The main assessments of the areas of activity are:

  • functional ability. Opportunity for activities of daily living (ADLs) and useful activities for ADLs (lALDs) are assessed. ALDs include eating, dressing, bathing, moving between bed and chair, using the toilet, and controlling bladder and bowel movements. lALDs encourage people to live independently and include cooking, doing housework, taking medication, managing finances, and using the phone.

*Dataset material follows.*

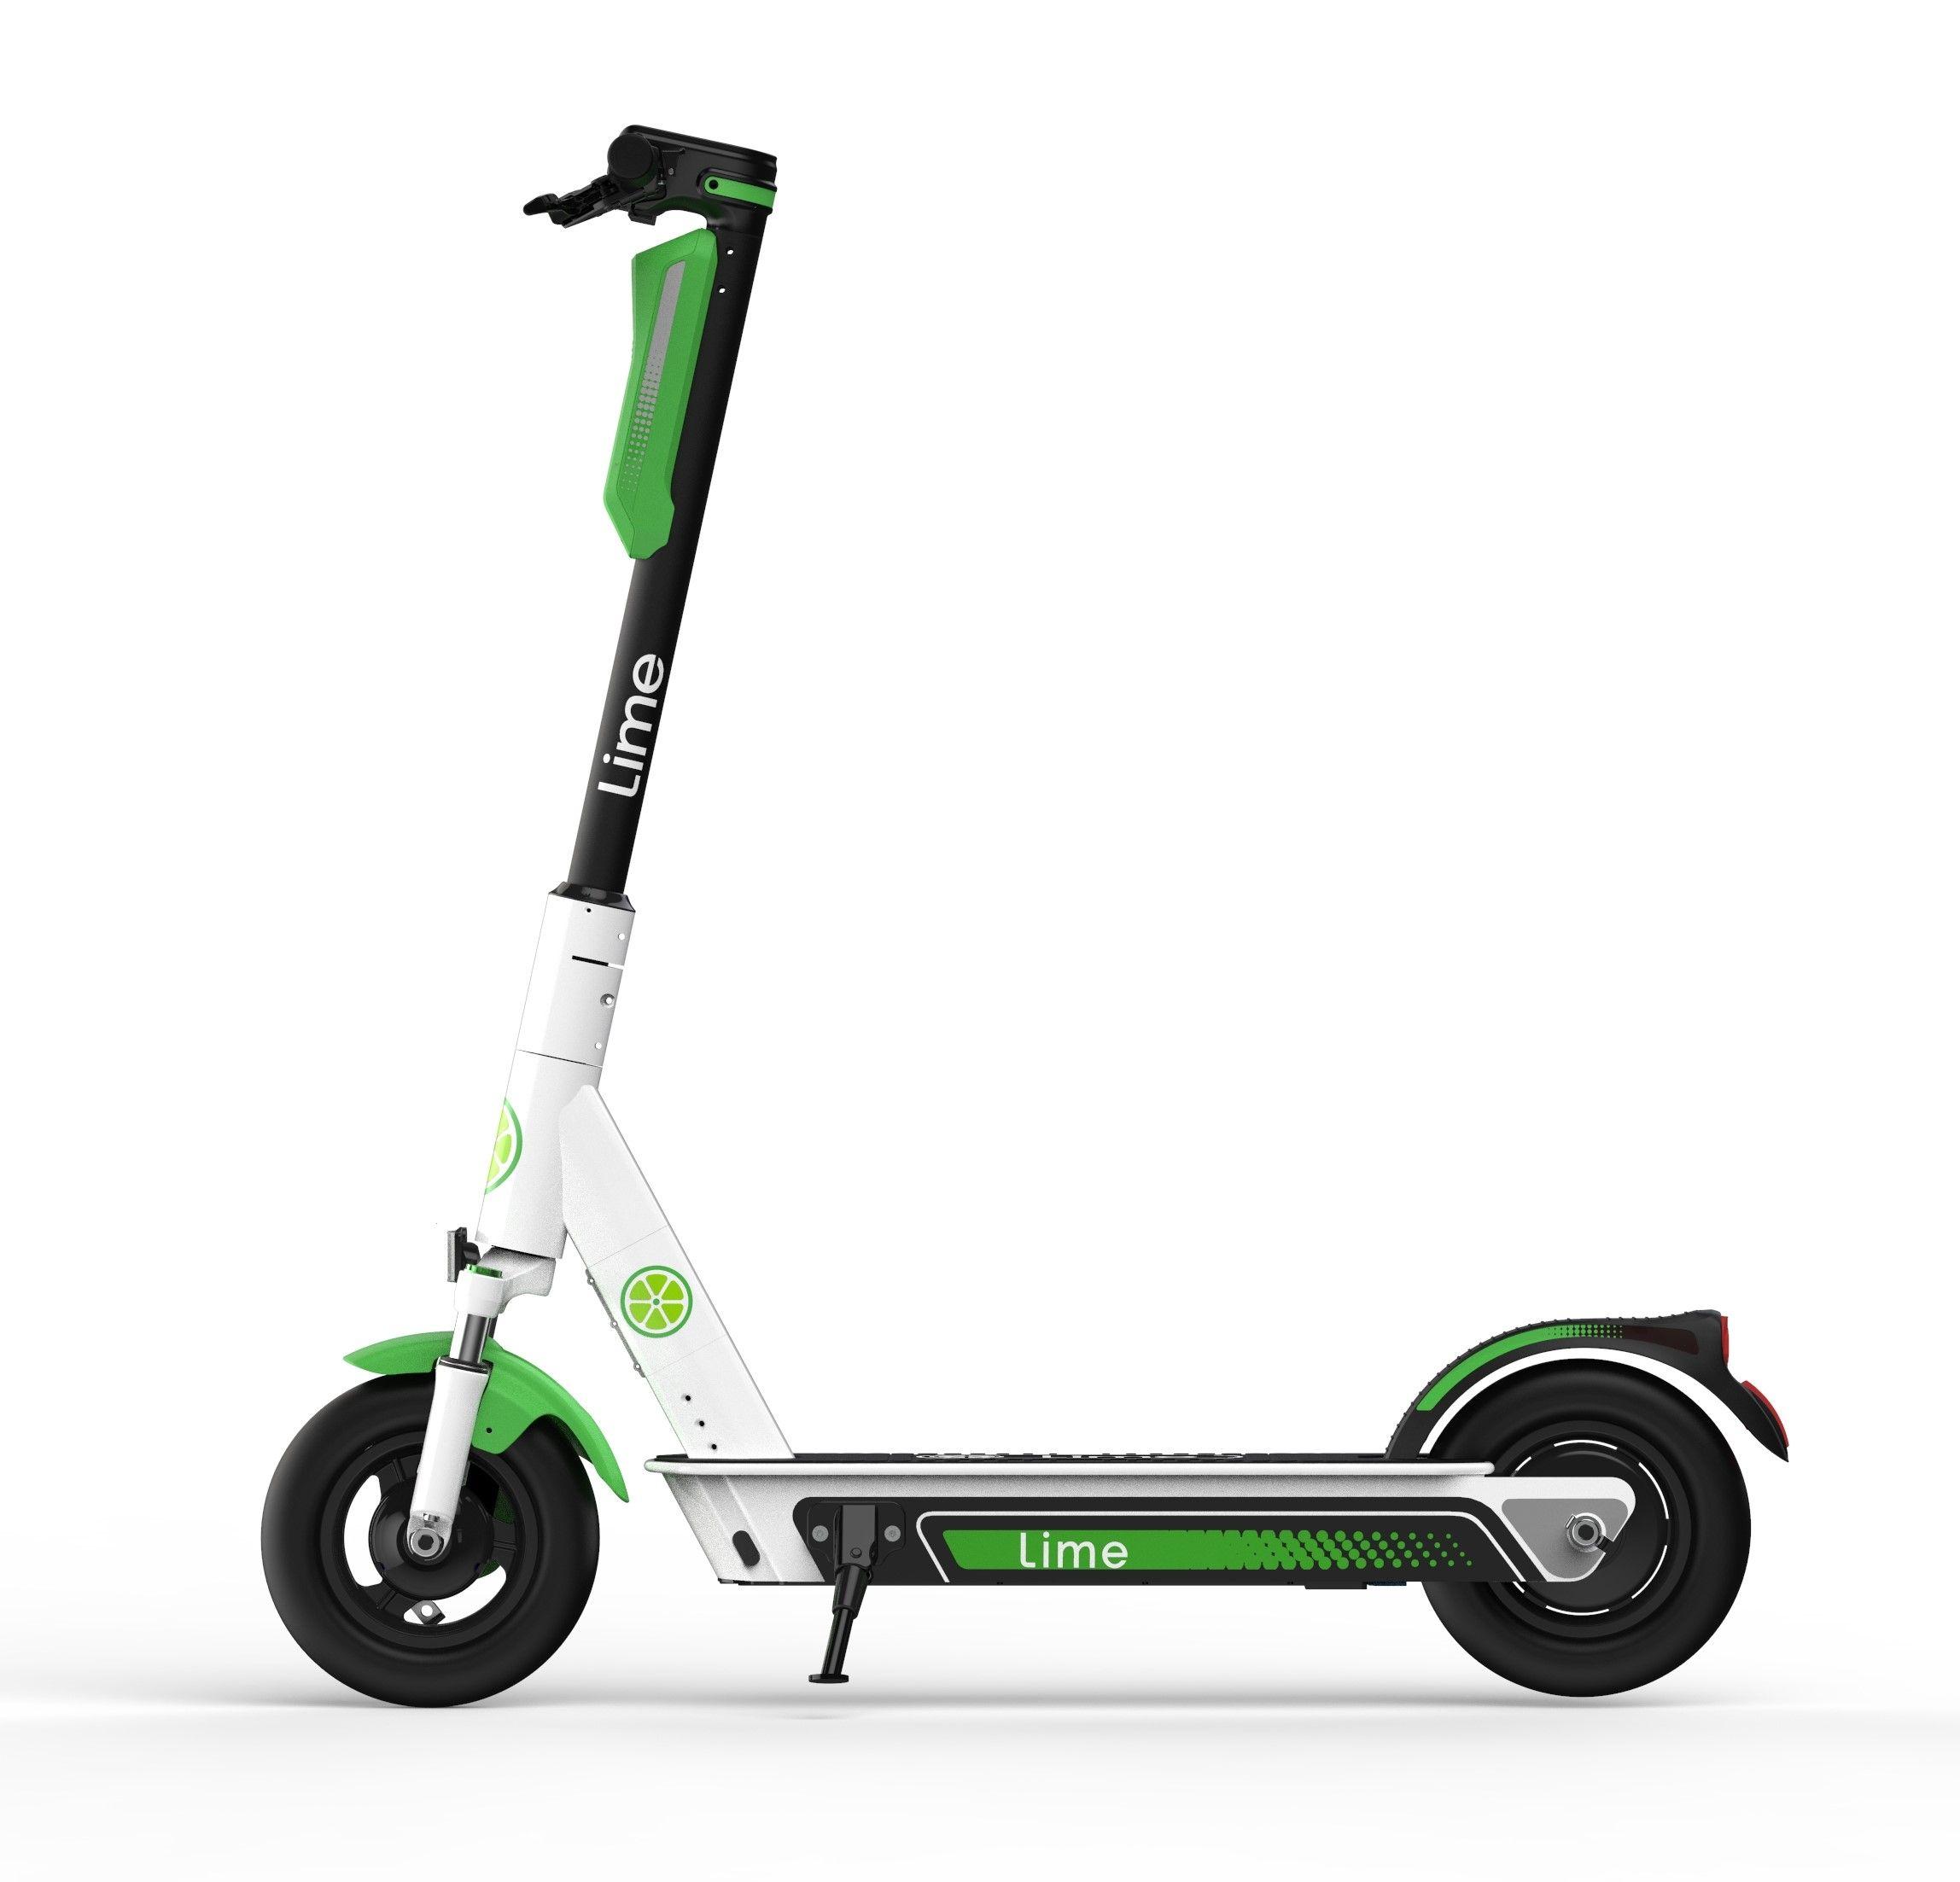 Lime E-Scooter 2 mal bis 30 Minuten kostenlos fahren. (FAKEGPS USA)
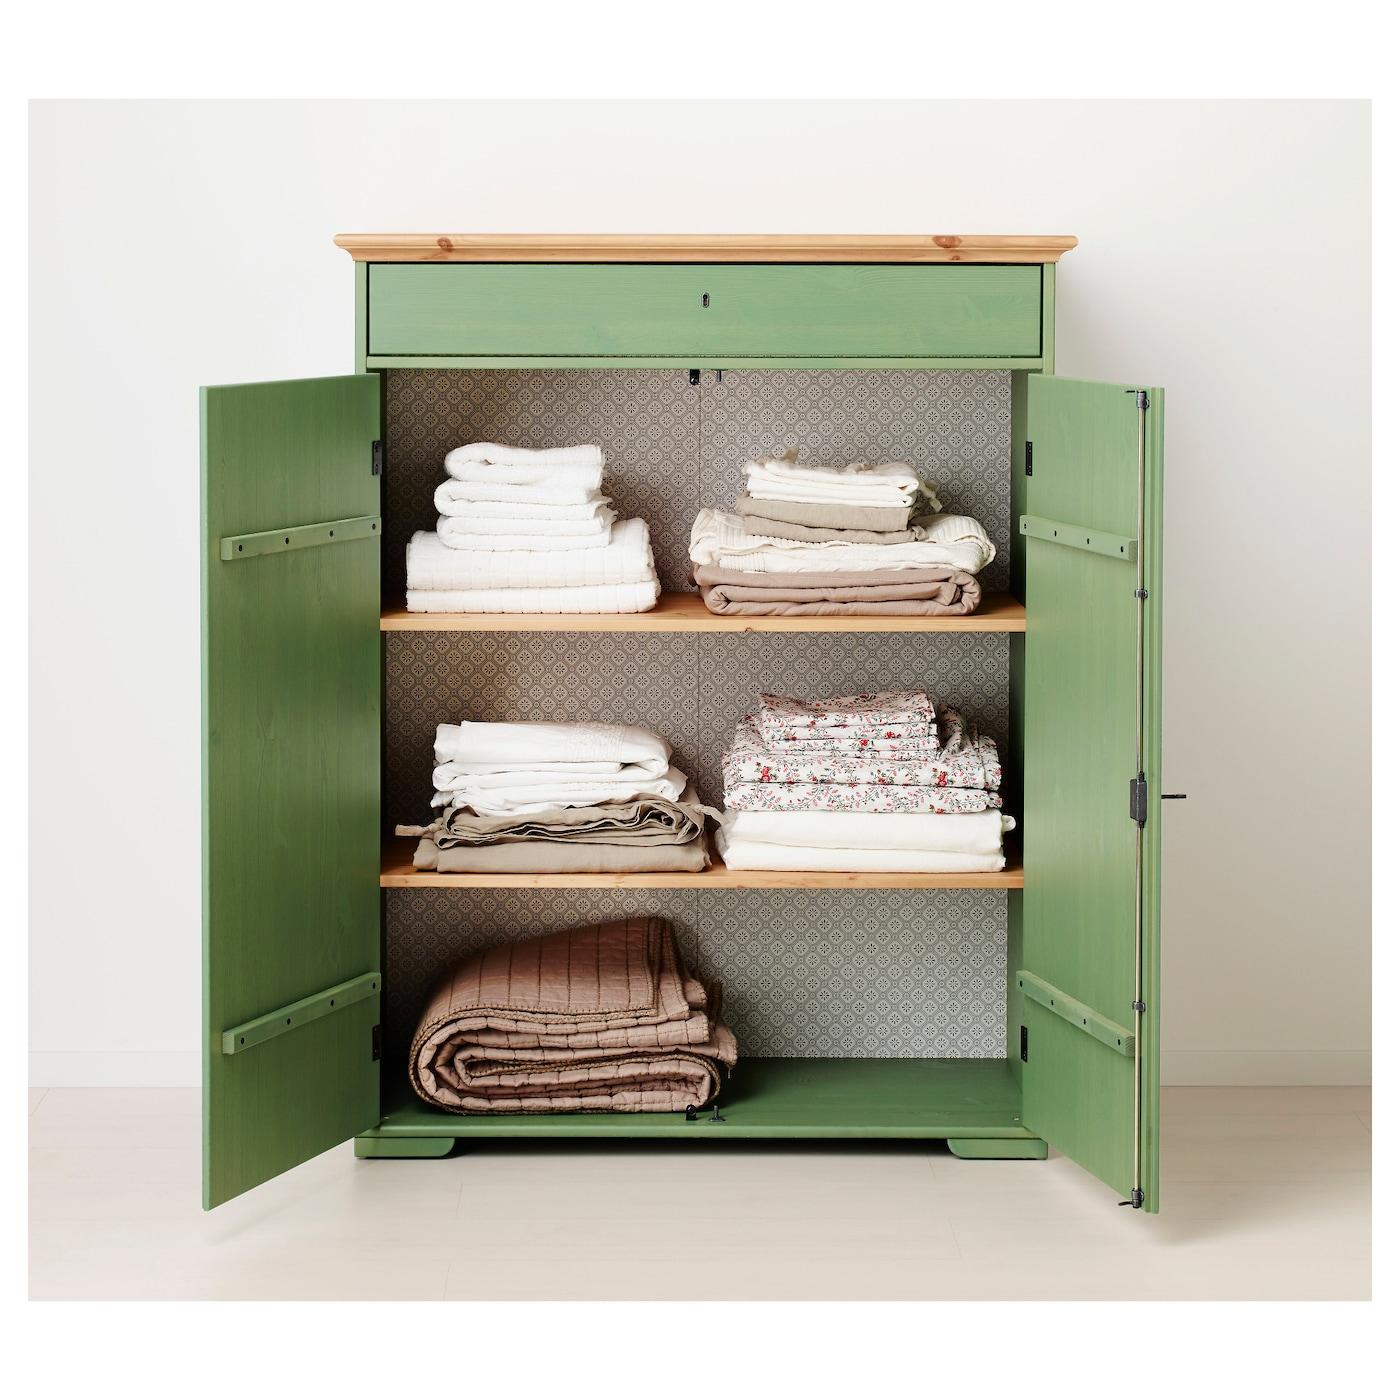 Hurdal Linen Cabinet Green 109 X 50 X 137 Cm Ikea

  • Physical health. The history and physical examination should include problems common among older people (problems with vision, hearing, continence/restraint, self-control, gait, and balance).
  • Cognition and mental health. Several validated screening tests for cognitive dysfunction (eg, mental health screening) for depression in the elderly (may be used, eg, Older Depression Rating Scale, Hamilton Depression Rating Scale).
  • The situation of the socio-environment. The patient's network of social interaction, available social support resources, special needs, safety and convenience of the patient's environment are often determined by the nurse or social worker. Factors that influence the approach to treatment are used. A checklist can be used to assess home safety.

Standardized tools make the evaluation of these areas of activity more reliable and efficient. It also supports the dissemination of clinical information to healthcare professionals and allows monitoring of changes in patient health over time.